In an attempt to take a highly unusual approach as to how the Chicago City Council is organized, Mayor Brandon Johnson opted to change the role of the vice mayor. Don’t be alarmed if you didn’t know the city had a vice mayor previously. It has been a ceremonial role with little to no visibility or authority. However, it is a role required by the city charter.
Mayor Johnson decided to name 27th Ward Alderperson Walter Burnett, Jr. to the post. In doing so, the mayor also heaped on several duties that Burnett will be expected to carry out. Burnett has been alderperson since President Bill Clinton’s first term in office. Burnett is the longest serving member of the council
.Besides presiding over council meetings in Johnson’s absence, Burnett’s new job description requires him to have a citywide presence. Shortly before the council approved the nomination, Johnson advisor Jason Lee told Crain’s Chicago Business “The vice mayor could be elevated to be that representative of City Hall, who can be in all 50 wards, attending community forums, community events, hearings for the public and working with the mayor's office to make sure that people feel like their government is truly listening.”
Apparently Team Johnson doesn’t see it, but such a move is a tempest in the making. Four years ago when former Mayor Lori Lightfoot introduced the idea of restricting aldermanic prerogative; we saw fierce, heated battles with the council members determined to protect their “turf.” Lee’s line about “their government is truly listening” amounts to a verbal slap at the alderpersons. Residents engage with the people they elected at the ward level and to them that is government. Shoehorning Burnett into that scenario lays the groundwork for friction.
Of course in the meetings he attends, anything Burnett says will be viewed as him speaking on behalf of the mayor.
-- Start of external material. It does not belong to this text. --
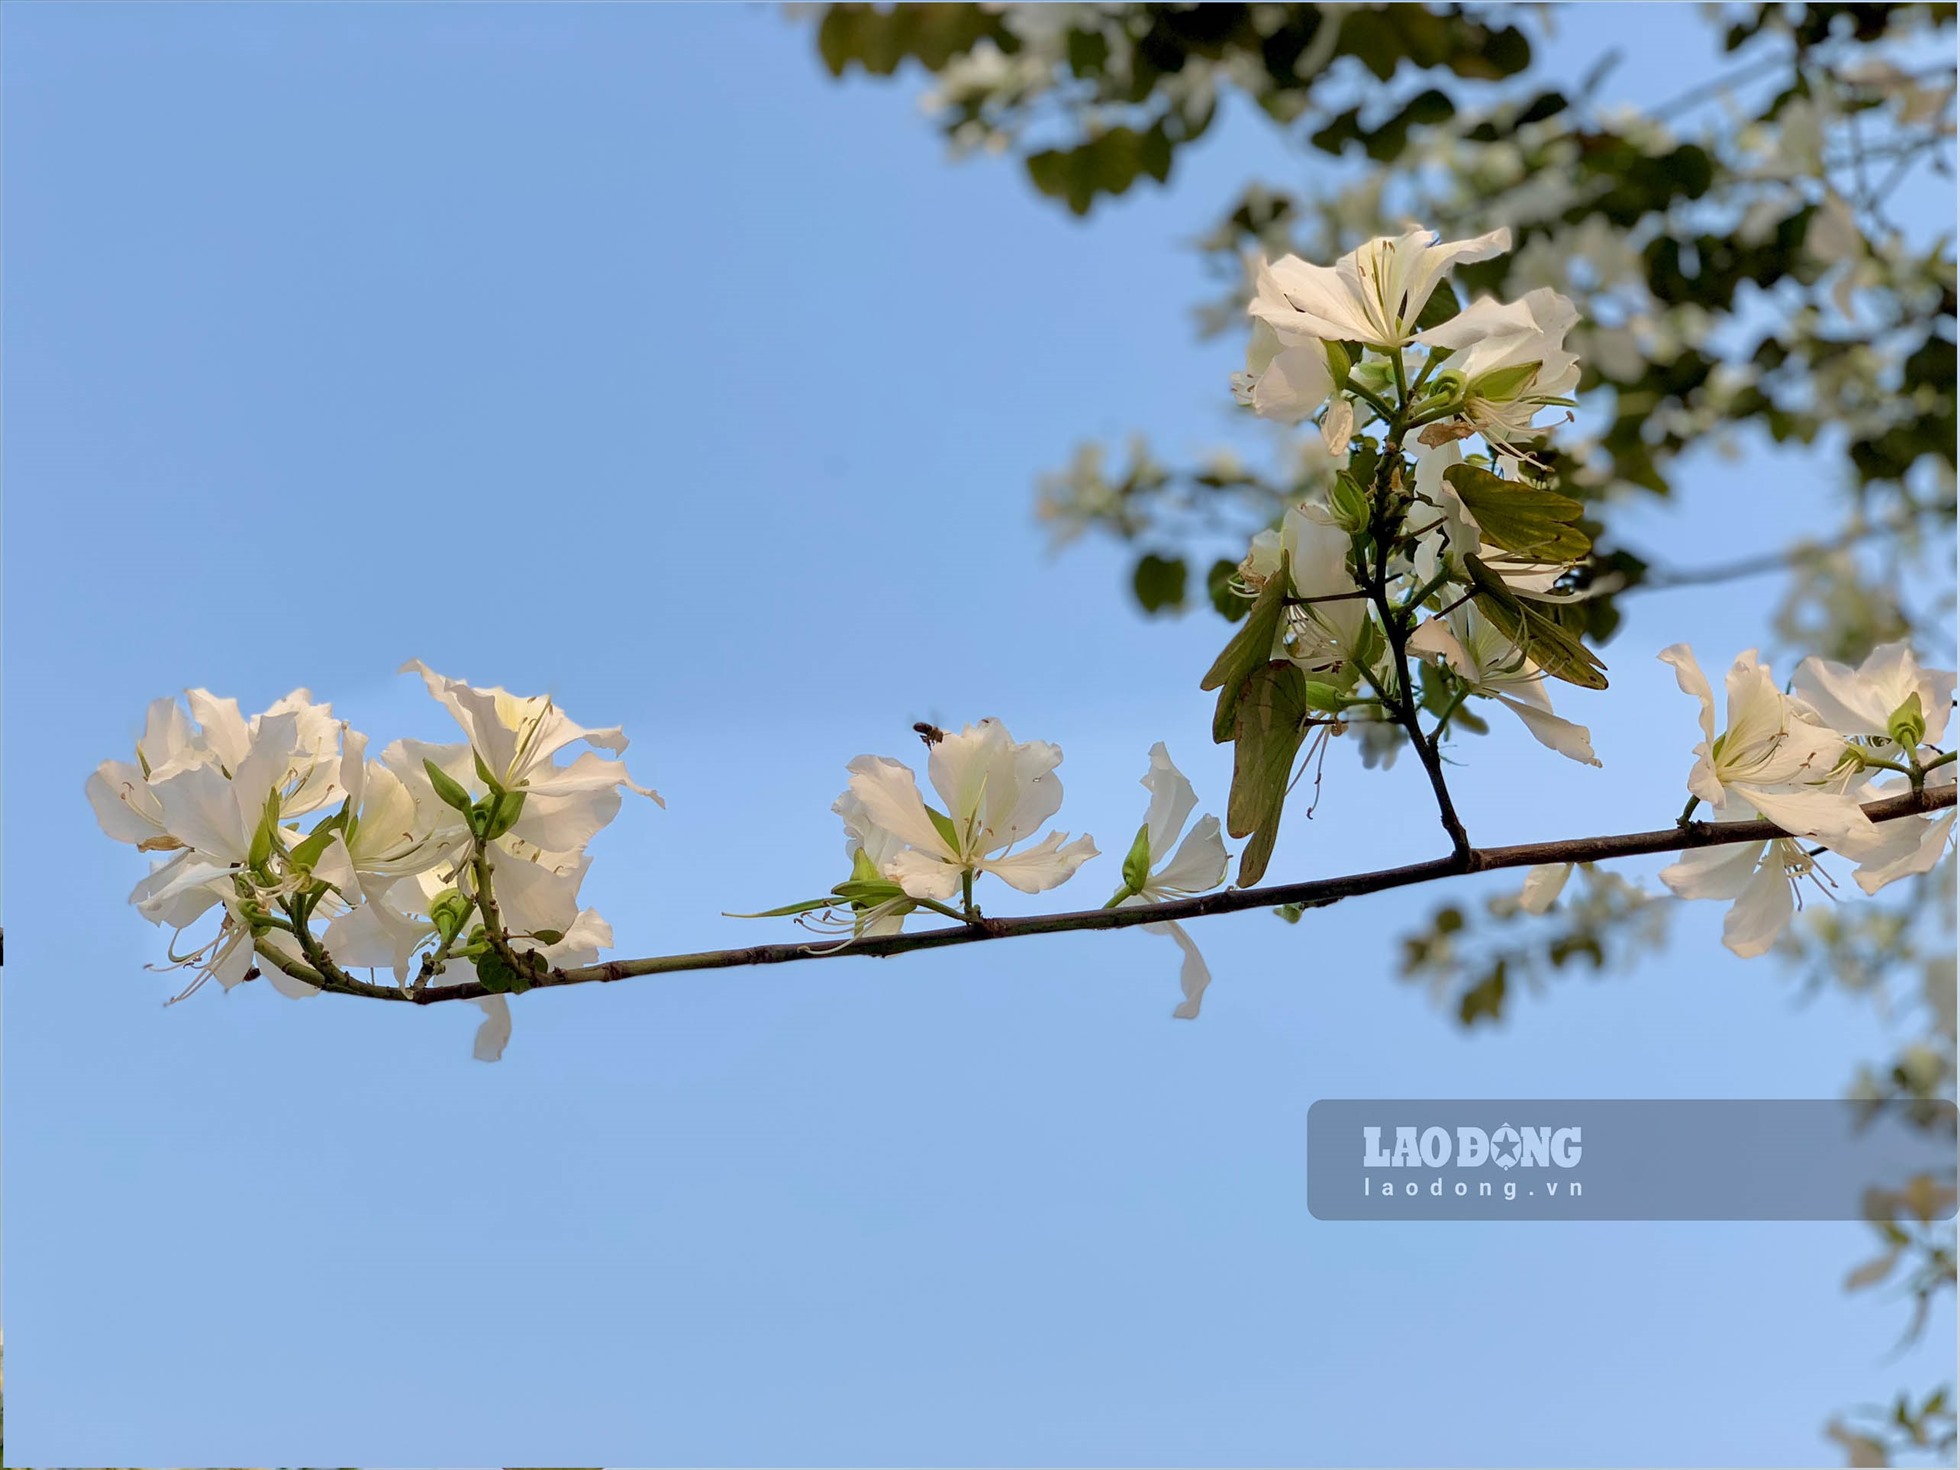 Hoa ban sở hữu vẻ đẹp mỏng manh, tinh khôi, với 4 - 5 cánh mềm mại và nở kéo dài từ 2 - 3 tháng với nhiều màu, đặc trưng nhất là trắng, hồng và tím.

When that runs counter to what the alderperson wants or has presented the conflict -an unnecessary one I might add-erupts.
In this expanded role, how does the vice mayor have a presence when four or five or six meetings are going on in different wards on the same evening? Yes, Burnett will have a staff, but what will they be able to do that a professional stenographer couldn’t do?
Burnett will face a steep learning curve as all of his council time has been spent on the West Side. To be effective in this new role, he will be required to recognize and learn the nuances and unique characteristics of all the other 49 wards. That can’t and won’t be an overnight process.
Johnson should expect to get push back, from council members and residents alike, that he is sending a spy to their wards-someone whose chief responsibility is reporting to the mayor comments and opinions he won’t like.